連絡したはずだが、忙しいのかなかなか技師が来ない。
桃瀬さんを見ると、目が合った。桃瀬さんの口角がキュッと上がる。
「なあに?」
「あ、いえ…」
うろたえかけ、ふと思い出して聞いてみた。
「あの、世良先生とはお知り合いなんですか?」
「あー、世良?うん、幼馴染なんだよね。」
「へえ…。」
そう言えば年も同じだったような、と近くに置いた桃瀬さんのカルテデータを見る。
「そうだったんですね。」
「うん、親同士が仲良くてさ。元々、俺の主治医ってあいつの父ちゃんだったし。」
「世良先生のお父さんて…院長?」
「そう。あいつ昔は、親の職業継ぐなんて嫌だーなんて言ってたんだけど」
それまで笑って話していた桃瀬さんの表情が、不意に翳った。
「…あんなに嫌がってたのにさ。あいつが今医者やってるの、俺のせいなのかも。」
「桃瀬さん…?」
検査室の自動ドアが開く気配がして振り返る。ようやく技師が来たらしい。
「では、僕はこれで。」
「うん、ありがとねー。」
点滴していない方の腕で、ひらひらと手を振ってくれる桃瀬さんに微笑み、検査室を出た。
その後も外来対応をこなし、ようやく昼休憩の時間になった。
財布とスマホだけ持ち、近くのコンビニへ行こうと正面玄関から外へ出た。
―気づいたのは、桜色の髪の毛があまりに目立つせいだった。
正面玄関脇の駐車スペースで、桃瀬さんが誰かと話している姿が目に留まる。随分いい身なりの、長身の男だった。
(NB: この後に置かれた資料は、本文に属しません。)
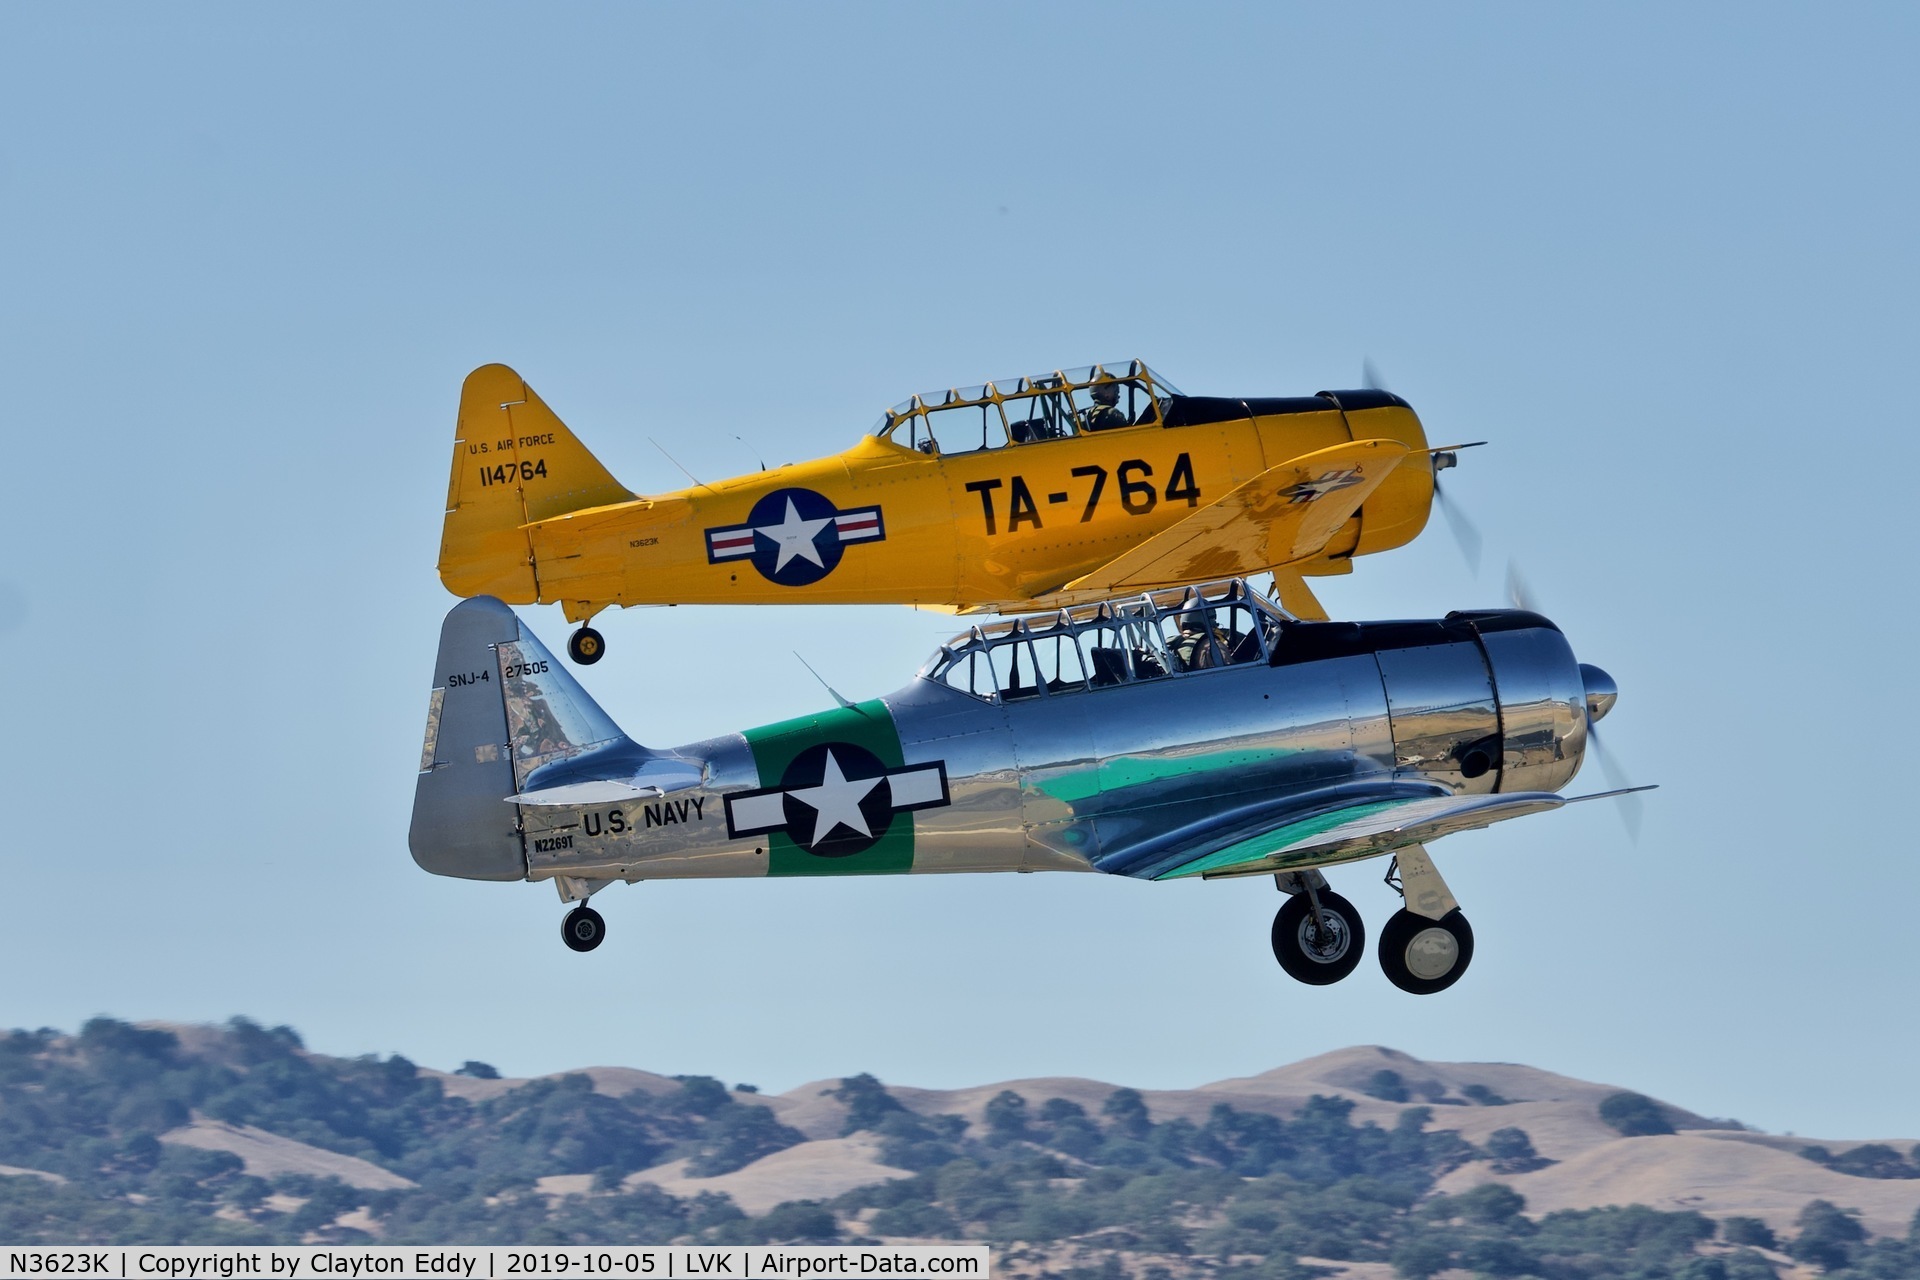 N3623K, North American T-6G Texan C/N 168-472, Livermore airport airshow 2019.
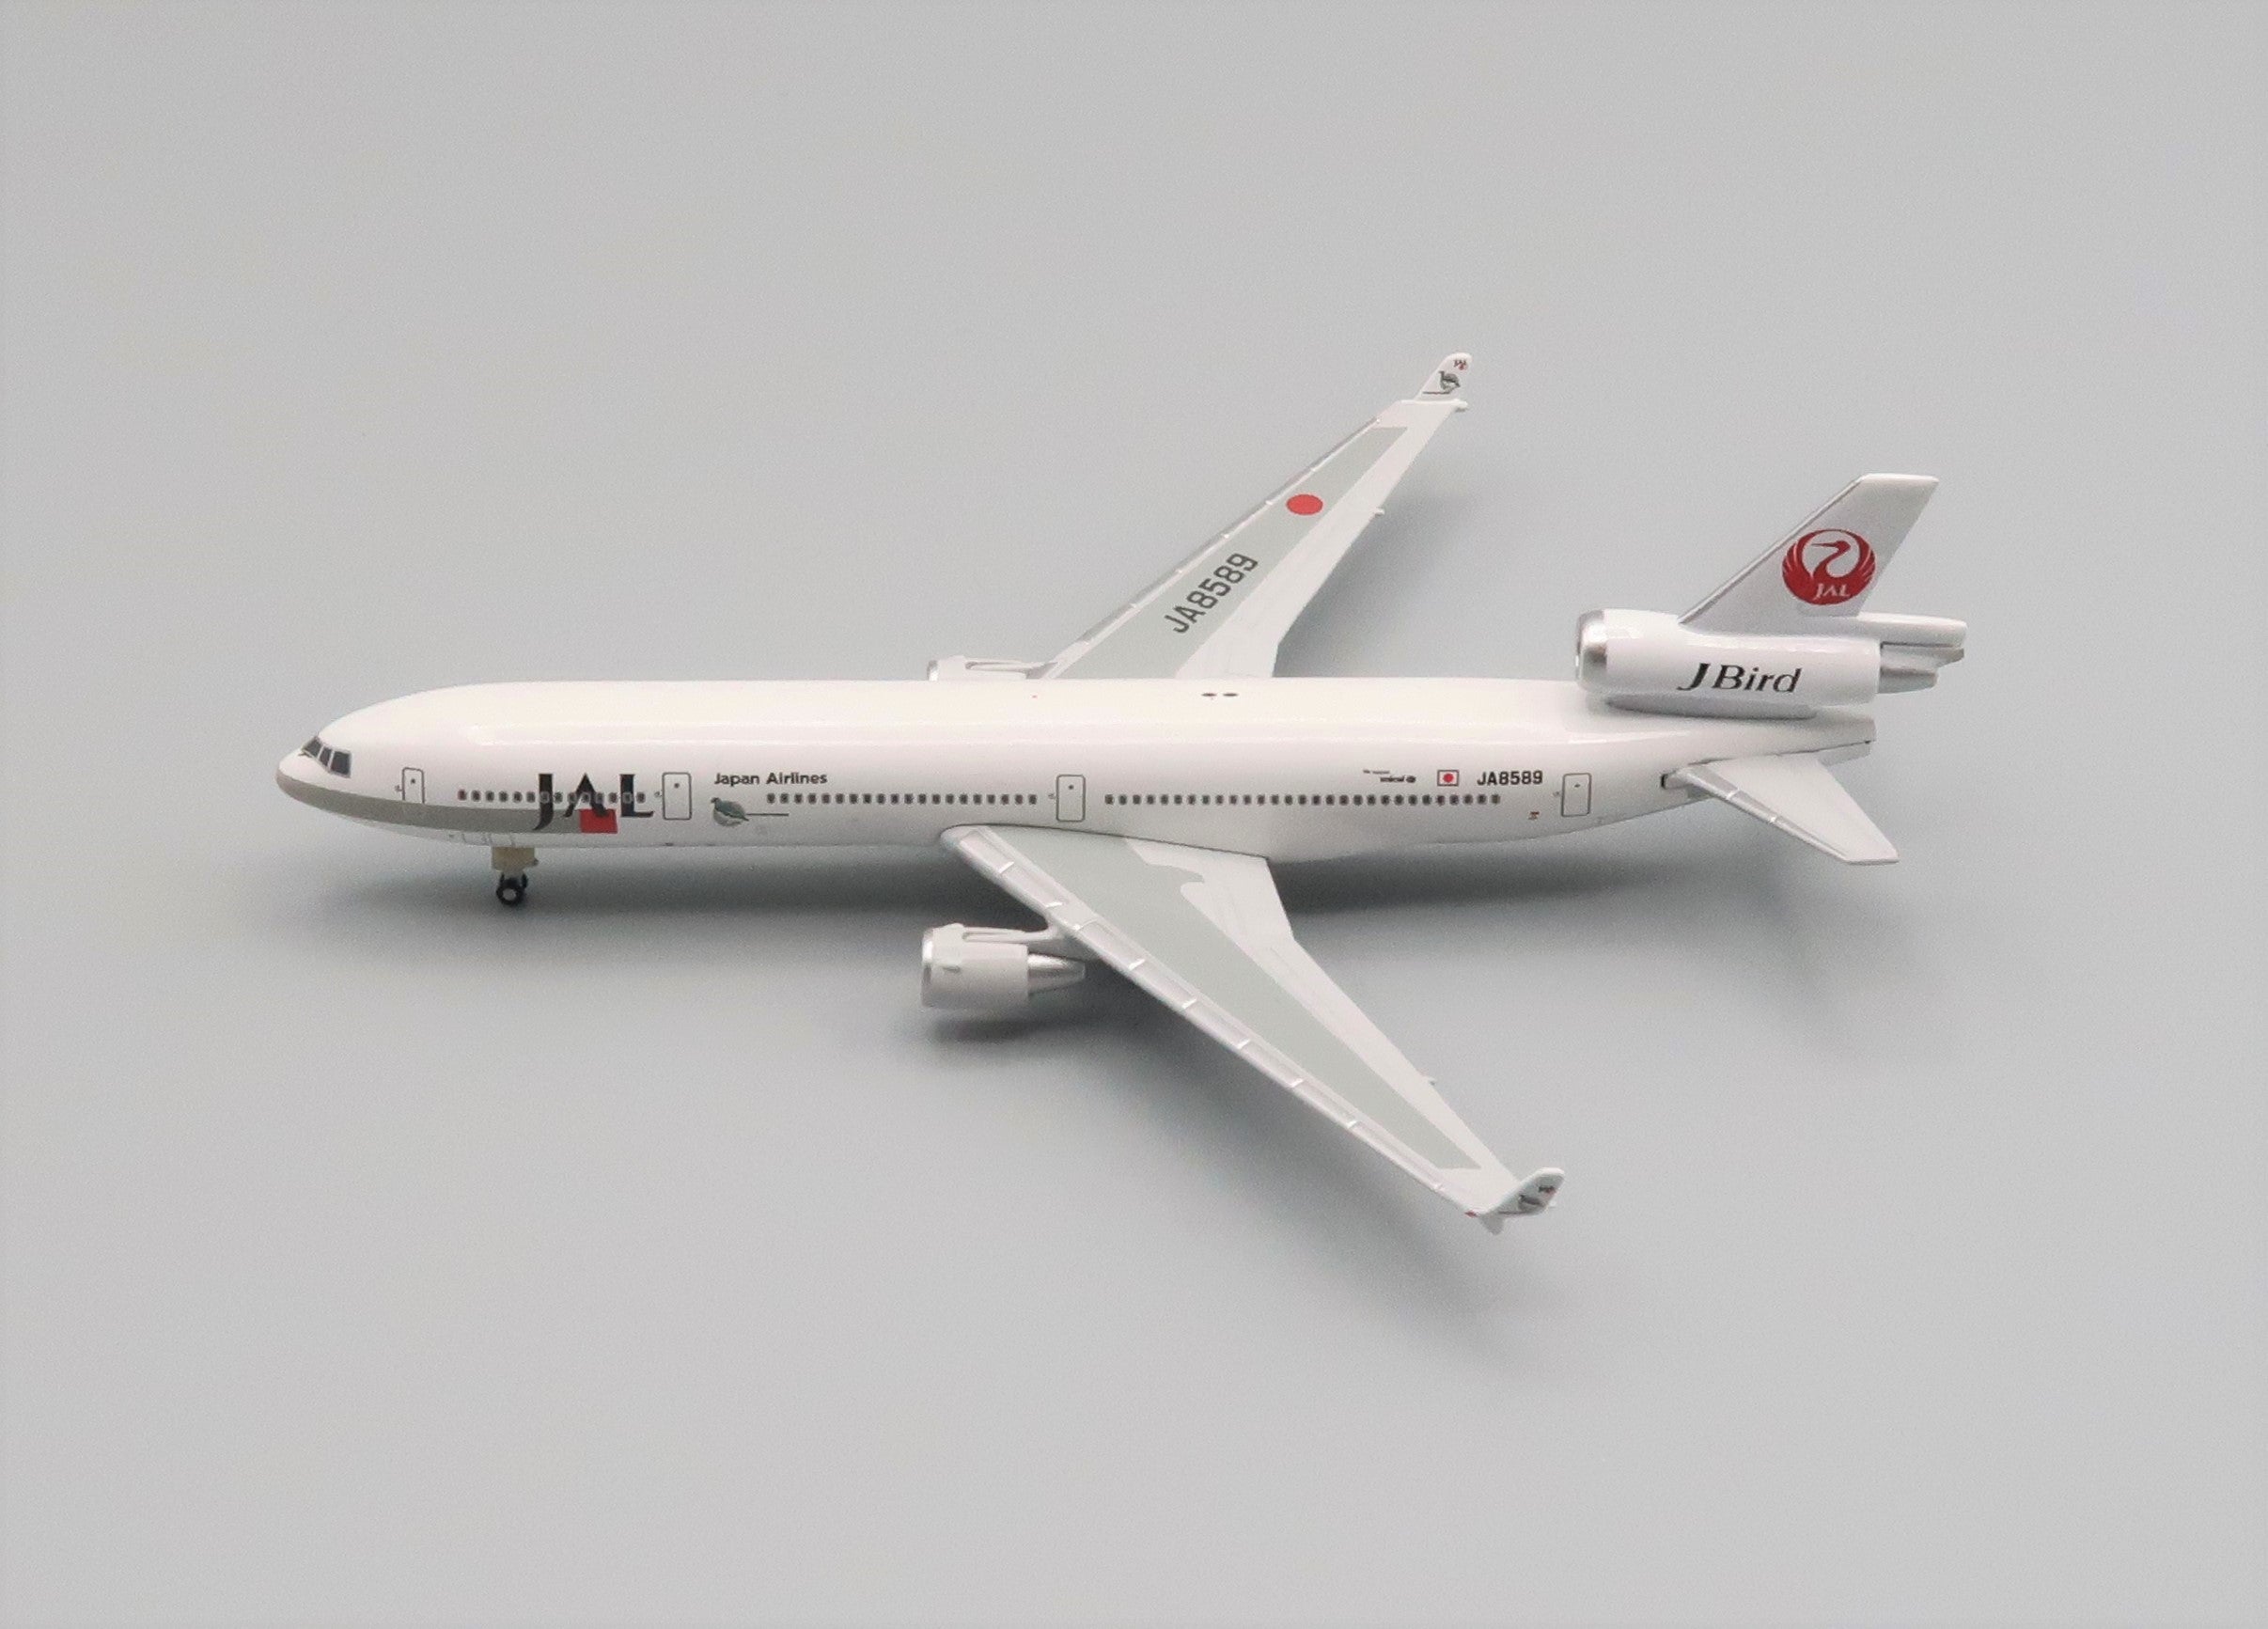 StarJets】1/500 日本航空 MD11 | 【超合金⁉︎】旅客機ダイキャスト

検査前に僕と話していた時とは打って変わって厳しい顔つきをした桃瀬さんが、男に何か言って背を向けた。男がすかさず、桃瀬さんの細い腕を掴んで引き留める。
何を言っているのかまでは分からなかったけれど、やがて桃瀬さんは諦めたような表情で車に乗り込んだ。
運転席に長身の男が乗り込む。二人を乗せた黒い外車は、僕が立っていた場所とは反対方向へ走り去って行った。